With consumerism and disposable income on the rise, the retail sector has
experienced a rapid growth in the past decade with the entry of several
international players like Marks & Spencer, Guess and Next into the Indian
market. The organised apparel segment is expected to grow at a Compound Annual
Growth Rate (CAGR) of more than 13 per cent over a 10-year period.

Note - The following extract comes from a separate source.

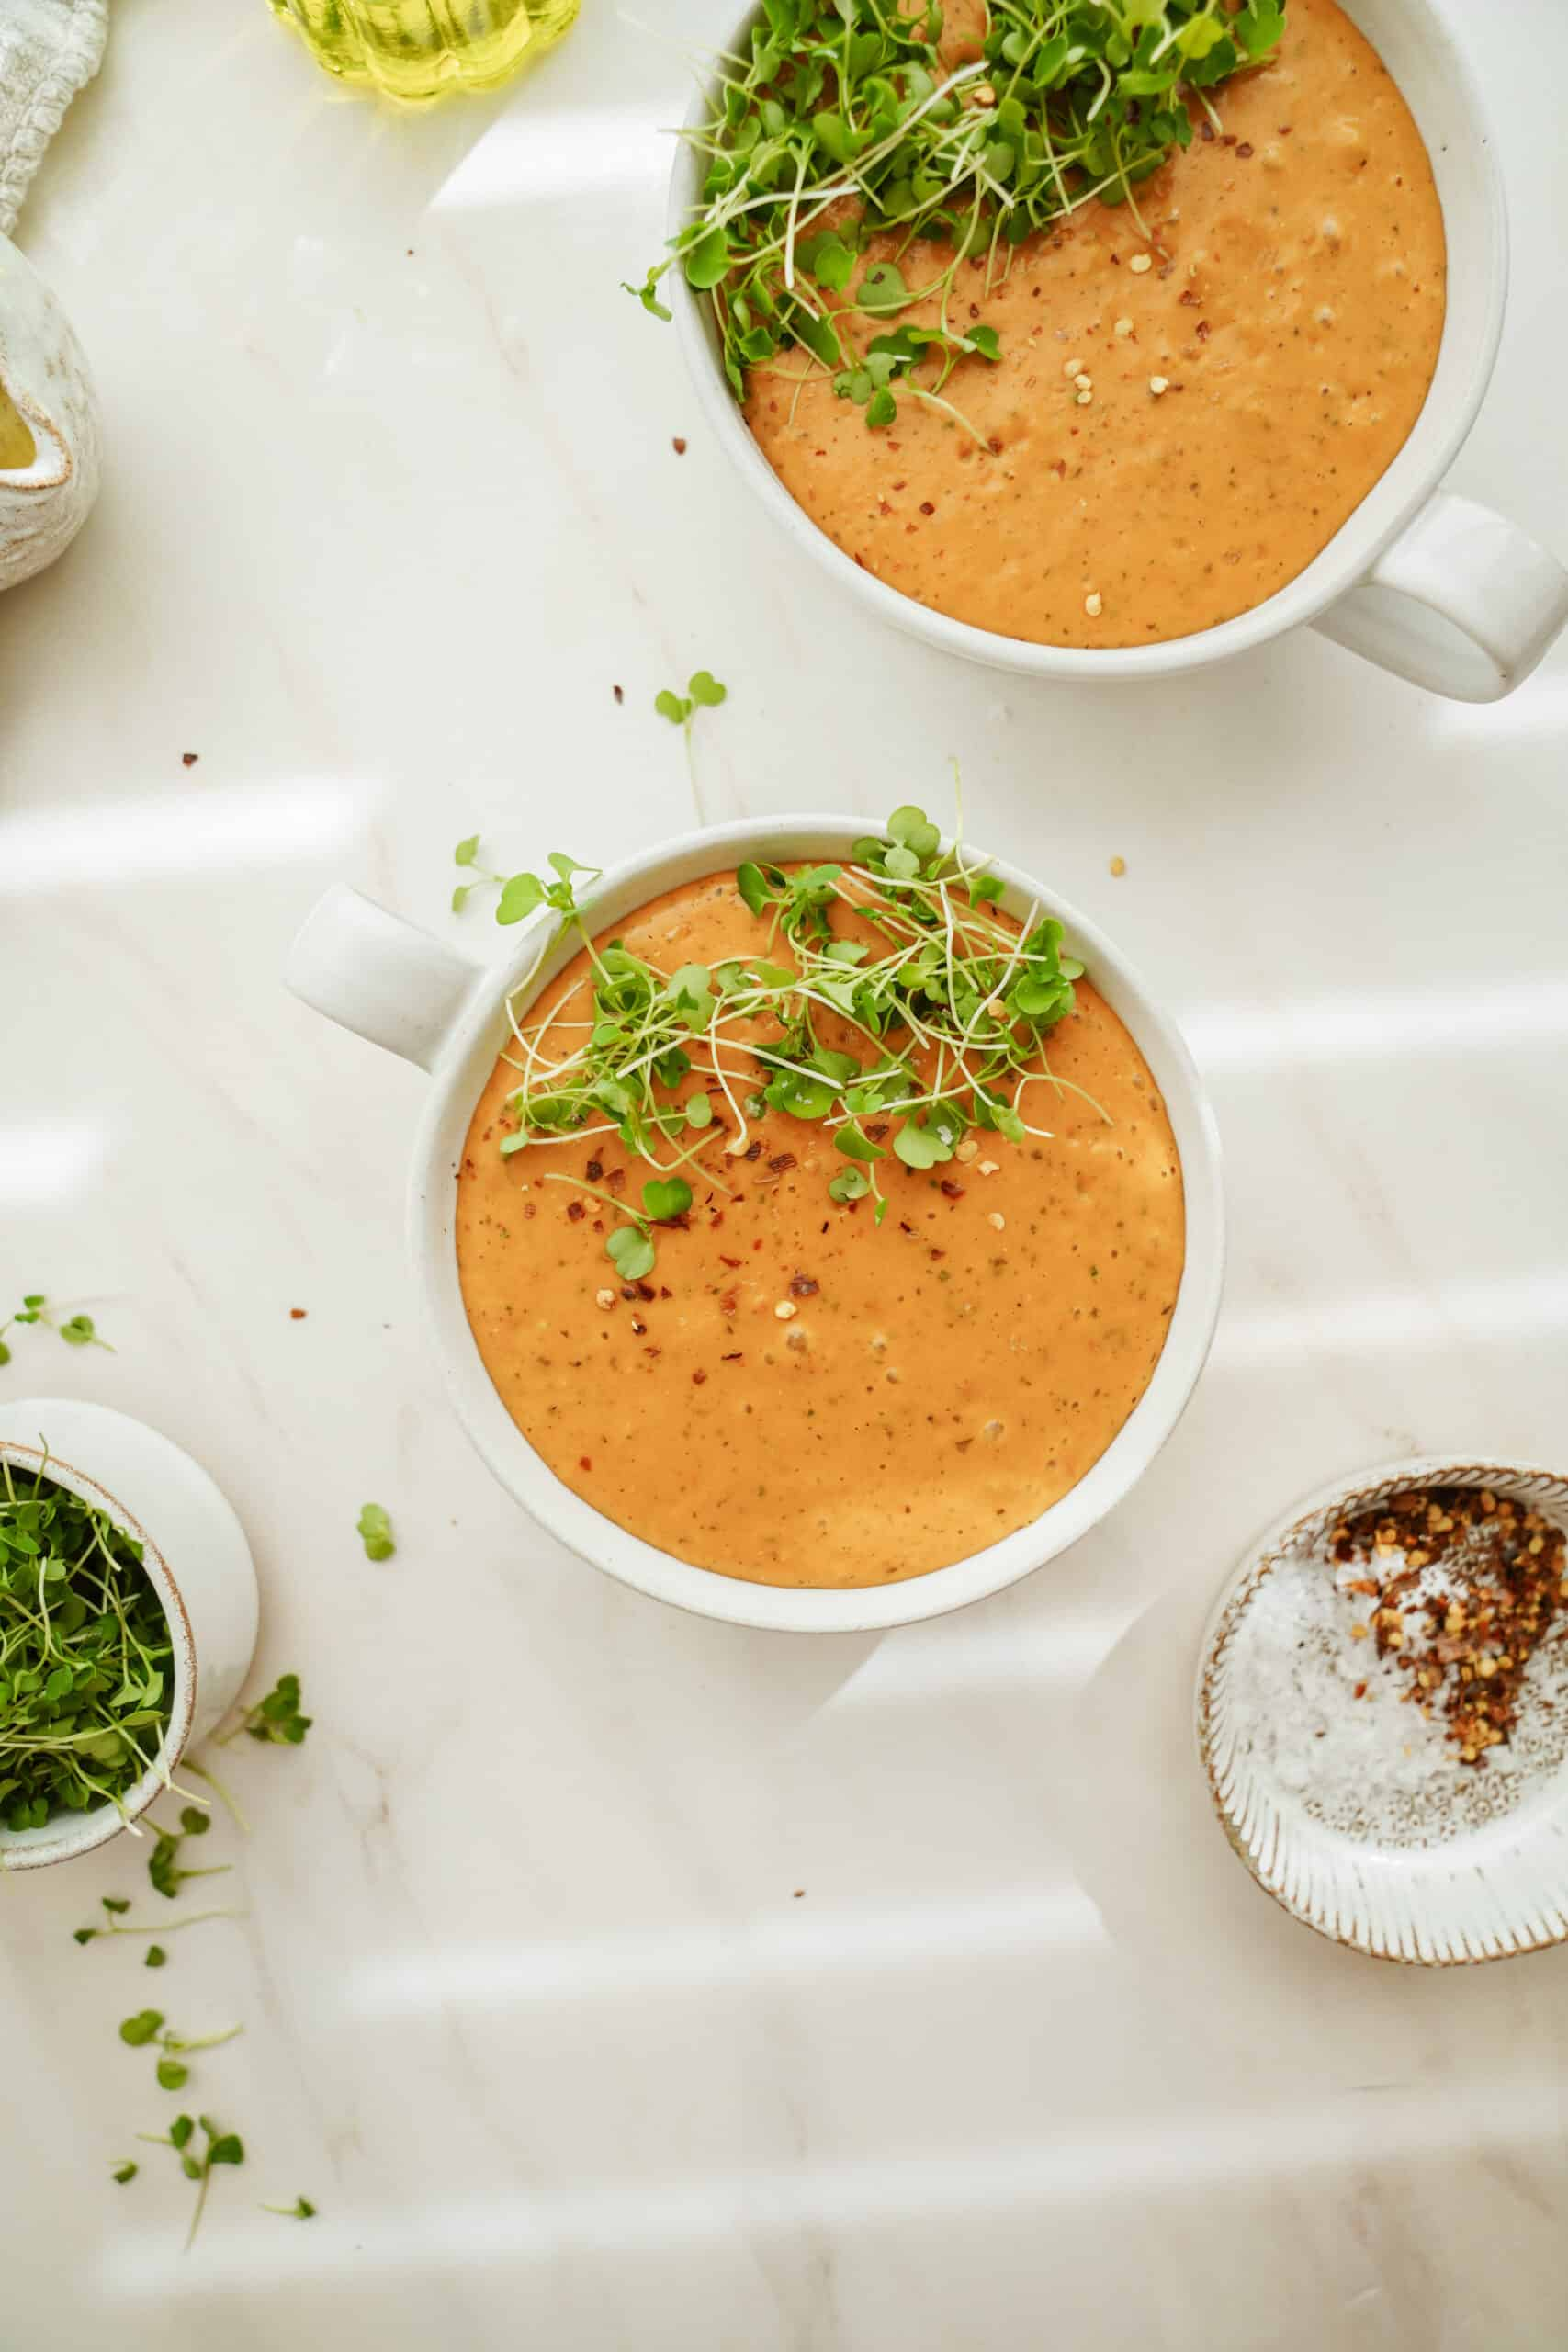 Creamy tomato soup in a white bowl

The ‘Make in India’ efforts by Prime Minister Narendra
Modi are going to be a big success and a real growth driver for the Indian
manufacturing sector. Mr Sanjay Aggarwal said that I am sure our textiles industry
would be one of the front-runners and core segments of the Indian manufacturing
industry contributing 14 per cent of total industrial output and employing
about 45 million people directly. Though the textiles industry has its huge
contribution in terms of export earnings, industrial output and employment
generation, when it comes to investment initiatives, Indian entrepreneurs are
turning their backs on the sector.
Technical textiles wide range of applications, lack of
competition, and growing consumer and industrial demands make it a big
opportunity area and an attractive option to invest in. Moreover, factors
conducive for the growth of manufacturing and consumption of Technical textiles
are also available within the country. Though India is the second largest
textile economy in the world after China, its contribution to the global
Technical textiles industry is very less. Currently, there are very few market
players in the Technical textiles segment.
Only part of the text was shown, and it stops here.